Macroscopic detection of neutral red in sciatic nerve demyelination

To determine whether NR specifically labels PNS demyelinated lesions, focal demyelination was induced in mouse sciatic nerves by LPC injection. Intraperitoneal (i.p.) injection of NR was performed 2 h before sacrifice of LPC-treated mice. We found some of the mice exhibited a reduction in movement immediately after NR injection, possibly due to the volume of NR received (500 μl). However, these mice recovered within 30 min after injection, and none of the mice displayed any obvious signs of behavioral abnormality throughout the duration of the experiment. To detect NR labeling, LPC injected sciatic nerves and uninjured contralateral nerves were dissected at 7, 14 and 21 days post lesion (dpl) (Fig. 1a), corresponding to timepoints of remyelination22,23. We found that NR was readily detectable on the injured sciatic nerve, corresponding to the site of LPC injection at 7 dpl macroscopically or by light microscopy, and no NR labeling was observed on the contralateral nerve (Fig. 1b). Moreover, NR signal decreased at 14 dpl, and was barely detectable at 21 dpl (Fig. 1c). Moreover, longitudinal cryosections of LPC injected sciatic nerve revealed NR had incorporated into the nerve at the site of LPC demyelinated lesion (Fig. 1d,e). However, although NR was observed as a focal lesion on intact LPC-injected sciatic nerves, it displayed non-uniform staining in longitudinal sections. Note that the NR labeling is strongest at the lesion site from which it fades away. These results suggest that NR incorporated into the site of sciatic nerve injury, and the labeling gradually decreased over the course of PNS repair.

Figure 1
figure 1

Demyelinated lesion in sciatic nerve identified by neutral red (NR) labeling. (a) Experimental design of a sciatic nerve lesion induced by lysophosphatidylcholine (LPC) injection and labeled with NR which was injected 2 h before sacrifice at 7–21 days post lesion (dpl). (b) Representative pictures of ipsilateral sciatic nerve with NR labeling and contralateral unlabled nonlesion sciatic nerve at 7 dpl (n = 5 mice per timepoint examined). Scale bar, 1 mm. (c) Representative pictures of ipsilateral sciatic nerve with NR labeling at 14 and 21 dpl (n = 3 mice per timepoint examined). Scale bar, 1 mm. (d) Longitudinally sectioned nerve showing NR positive areas at 7 dpl. (e) Enlarged image of (d) (black dotted square). (be) left and right sides of images are proximal and distal sides, respectively. Scale bar, 100 µm (d), 50 µm (e).

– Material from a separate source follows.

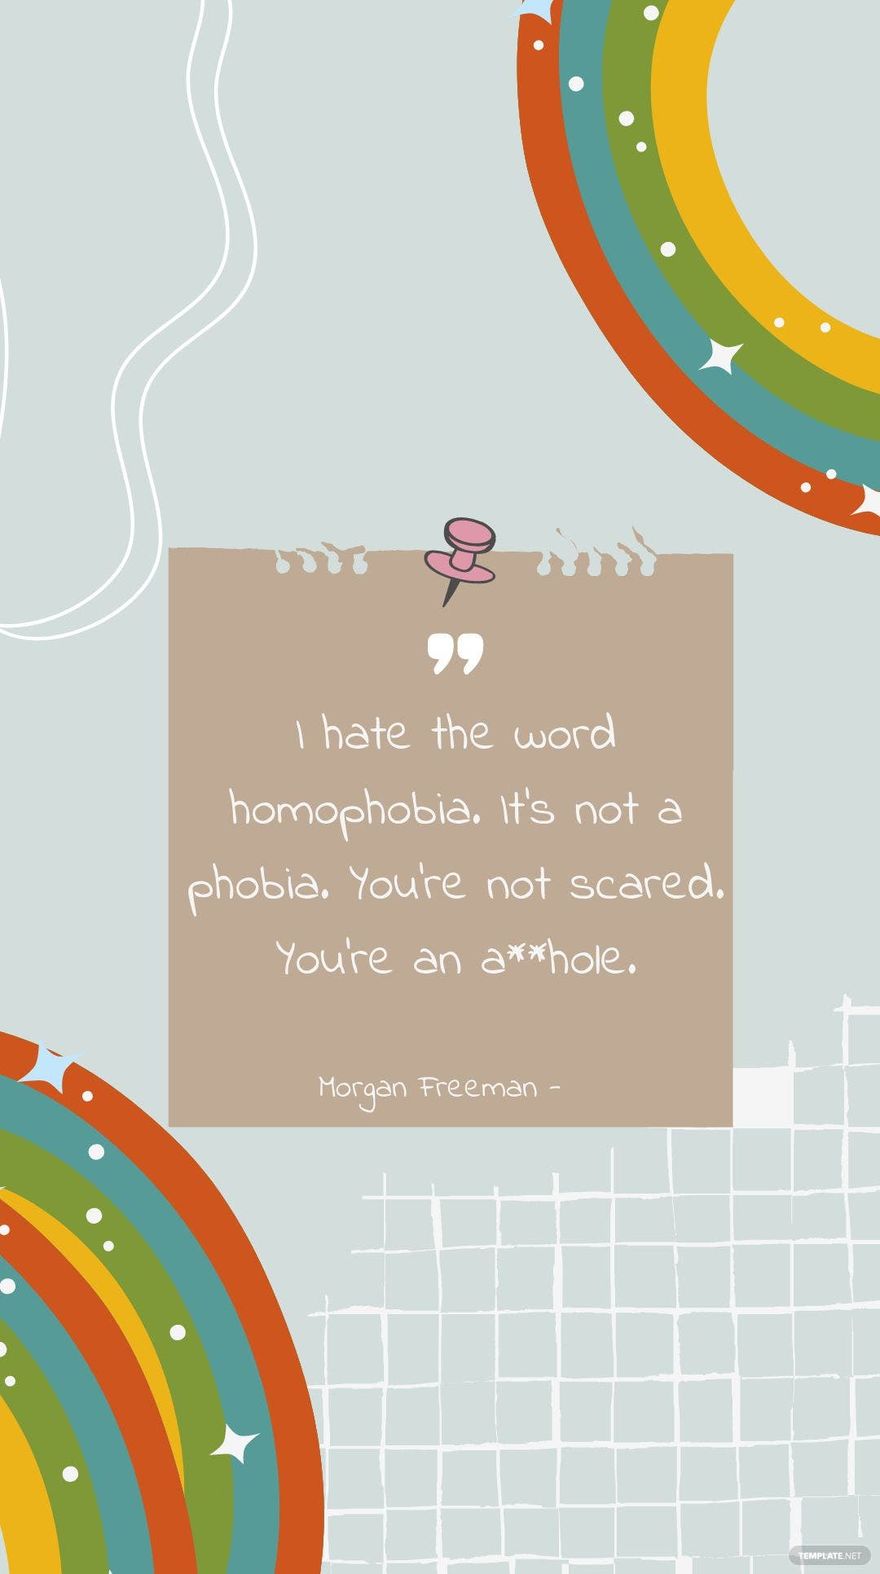 Morgan Freeman - I hate the word homophobia. It’s not a phobia. You’re not scared. You’re an a**hole.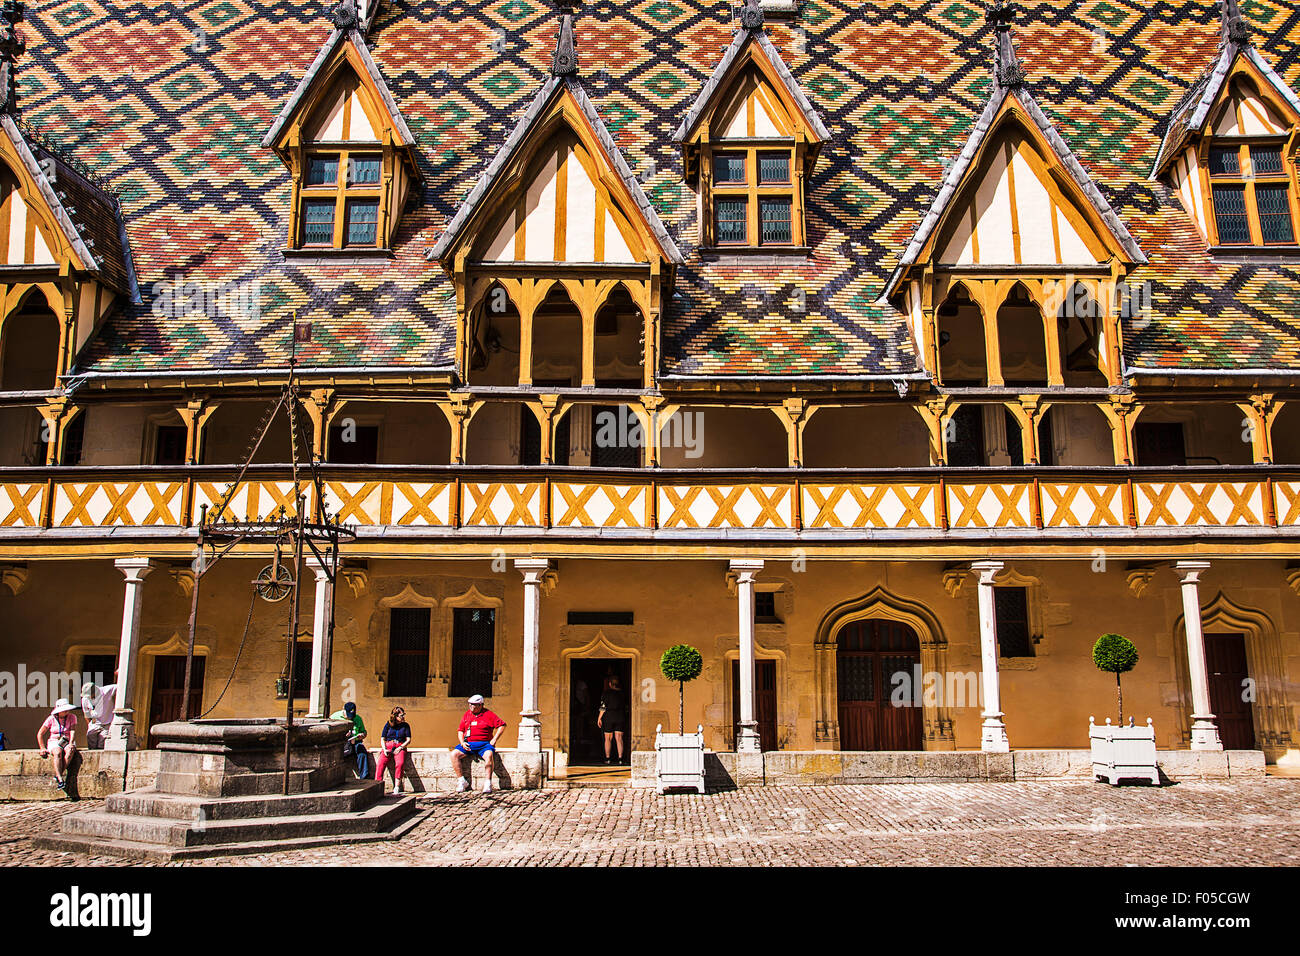 A medieval hospital in the town of Beaune, France, in the Burgundy region, the Hotel-Dieu is now a museum... Stock Photo

Electron microscopy analysis of NR-labeled lesion

To assess the identified NR labeled demyelinated lesions, electron microscopy (EM) analysis was performed on NR labeled sciatic nerves at 7 dpl. Transversely sectioned semithin and ultrathin sections were prepared from sciatic nerve tissues following postfixation and embedding into resins, and examined for myelin structure by light microscopic observation with toluidine blue staining and TEM observation (Fig. 2a). Compared with contralateral sciatic nerve semithin sections, the LPC-injected nerves displayed areas lacking compact myelin sheaths, as well as areas with intact myelin sheaths (Fig. 2b). The presence of patches of demyelinated and myelinated axons reflected the non-uniform access of LPC to the sciatic nerve, as was observed with NR labeling in Fig. 1d. TEM analysis of ultrathin sections in NR labeled tissue revealed demyelinated axons as well as myelin debris in lesions (Fig. 2c,d). We also observed the presence of myelin debris within the cytoplasm of some Schwann cells (Fig. 2e), confirming the ongoing process of myelin degradation by Schwann cells24. To determine that NR did not contribute directly to demyelination and the extent of myelin debris, we also performed EM analysis on LPC injected sciatic nerves from mice without NR injection at 7 dpl, and found that demyelinated lesion without NR displayed a similar pathology as tissues containing NR labeling (Additional file 1: Fig. S1). These results confirm that NR incorporated into sciatic nerve lesions, and that NR could be used in combination with EM studies for the detection and analysis of demyelinated lesions.

Figure 2
figure 2

Electron microscopy (EM) analyses following the neutral red labeling. (a) Experimental design of EM analyses. Sciatic nerve lesions were induced by lysophosphatidylcholine (LPC) injection and labeled with neutral red (NR) injected 2 h before sacrifice at 7 dpl. Lesions labeled with NR were dissected and embedded in epoxy resin. Semithin sections were stained with toluidine blue. Ultrathin sections were observed by transmission EM. (b) Representative images of semithin sections (1 µm) obtained from contralateral and ipsilateral sciatic nerves of the LPC-injected mouse at 7 dpl and stained with toluidine blue. Compared to the contralateral nerve cross-sections, thinner compact myelin (b, black arrows) and smaller axons (b, white arrows) with myelin ensheathment were present in the LPC-treated nerve. (c) In the EM observation, contralateral axons have thick compact myelin, while myelin debris is observed in ipsilateral sciatic nerve at 7 dpl (c, white arrowhead). (d) Demyelinated axons are observed in the ipsilateral sciatic nerve (d, black arrowheads). (e) A Schwann cell in ipsilateral sciatic nerve contains myelin debris (e, white arrowheads). N = 2 mice examined. Scale bar, 20 µm (b), 10 µm (c), 2.5 µm (d) and 1 µm (e).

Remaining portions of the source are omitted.